Syncytiotrophoblast has a short life span and must be continuously renewed throughout pregnancy from proliferative mononucleate cytotrophoblast cells, which exit the cell cycle, differentiate and fuse with the overlying syncytial layer (26). Following fusion, nuclear material undergoes apoptosis and is sequestered into syncytial knots, which are shed into the maternal blood (25). Appropriate cell turnover to maintain syncytiotrophoblast is necessary for nutrient transfer to the fetus, and for the production of hormones that regulate fetal and placental growth. Human chorionic gonadotropin (hCG), produced by terminally differentiated syncytiotrophoblast, is particularly important in maintaining the placenta, having an autocrine/paracrine effect on cytotrophoblast cells to promote their differentiation and fusion, thereby regulating syncytiotrophoblast renewal (23, 47, 51). Syncytiotrophoblast volume is correlated with birth weight (13), and disruption of its renewal is a proposed underlying pathology of gestational diseases such as preeclampsia (PE) and intrauterine growth restriction (IUGR); these conditions are associated with altered cytotrophoblast proliferation and apoptosis with reduced syncytiotrophoblast volume compared with normal pregnancy (36). Thus, appropriately regulated syncytiotrophoblast cellular turnover, involving proliferation, differentiation, fusion, and apoptosis, is essential for successful pregnancy.

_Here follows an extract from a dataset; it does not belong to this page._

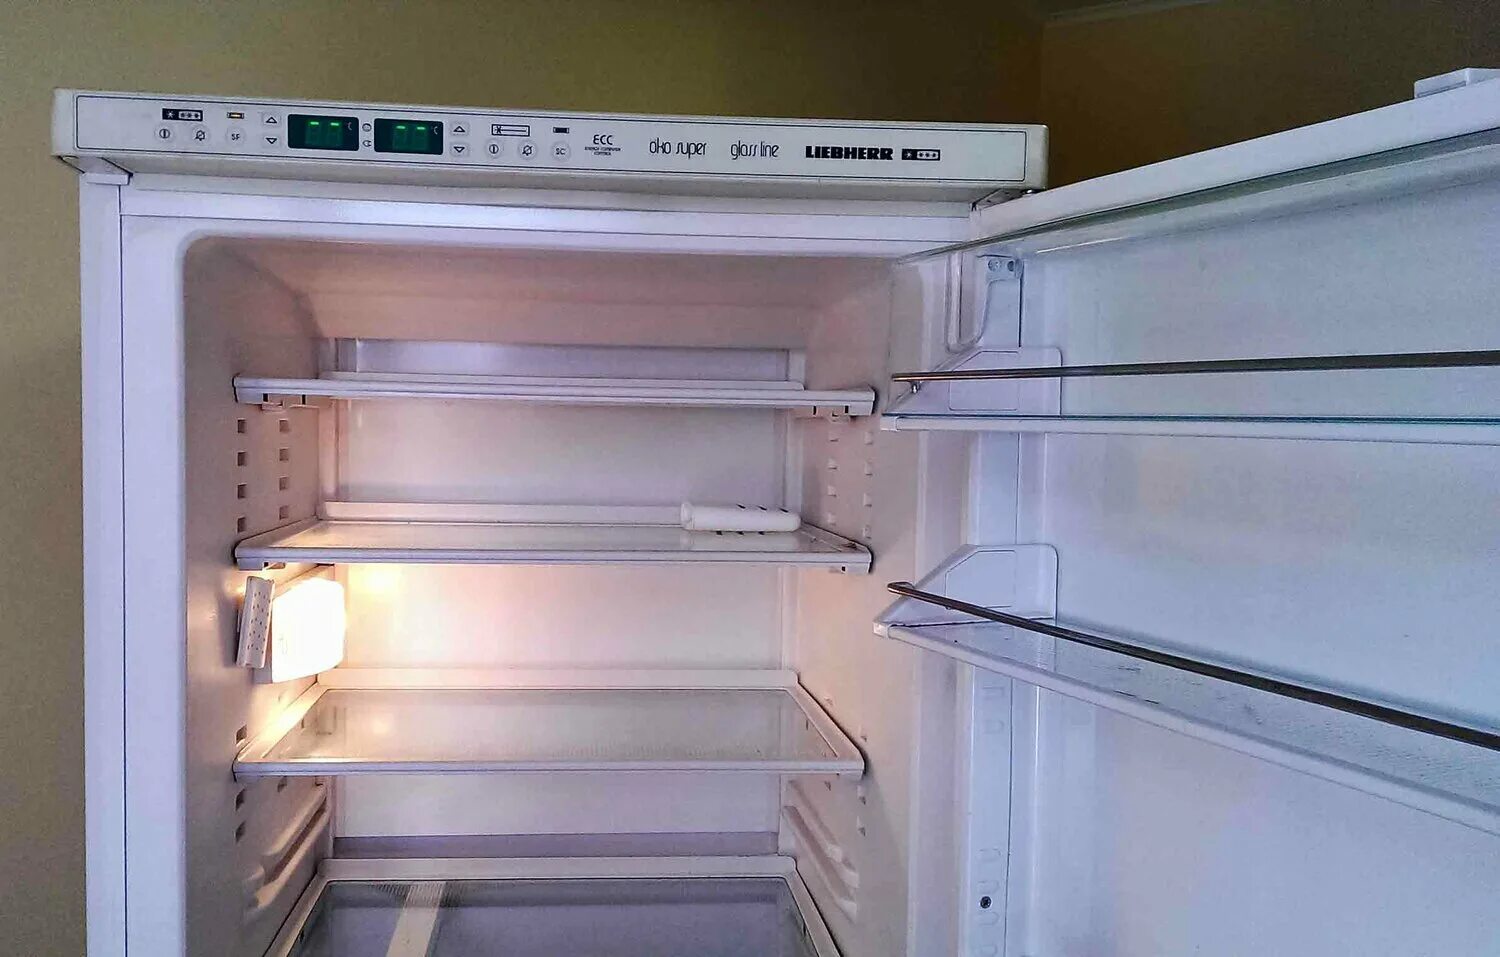 Ремонт либхер в москве на дому холодильников

In many organs, cellular processes that are required for tissue development, maintenance and repair, including proliferation, differentiation, fusion, and apoptosis, are regulated by potassium (K+) channels. Members of each of the five main functional families of K+ channels, namely voltage-gated (KV), calcium-activated (KCa), ATP-sensitive (KATP), inwardly rectifying (KIR), and 2-pore domain (K2P), participate in the regulation of cell volume, proliferation, and apoptosis (30, 32, 45), cell fusion (11, 34), and tissue repair (50). K+ channels are also important therapeutic targets to control unregulated proliferation and apoptosis in disease (40) and to promote apoptosis in cancer (15, 49). Furthermore, K+ channels play a key role in regulating hormone secretion (33). However, the importance of K+ channels in regulating syncytiotrophoblast cell renewal and endocrine function has yet to be explored.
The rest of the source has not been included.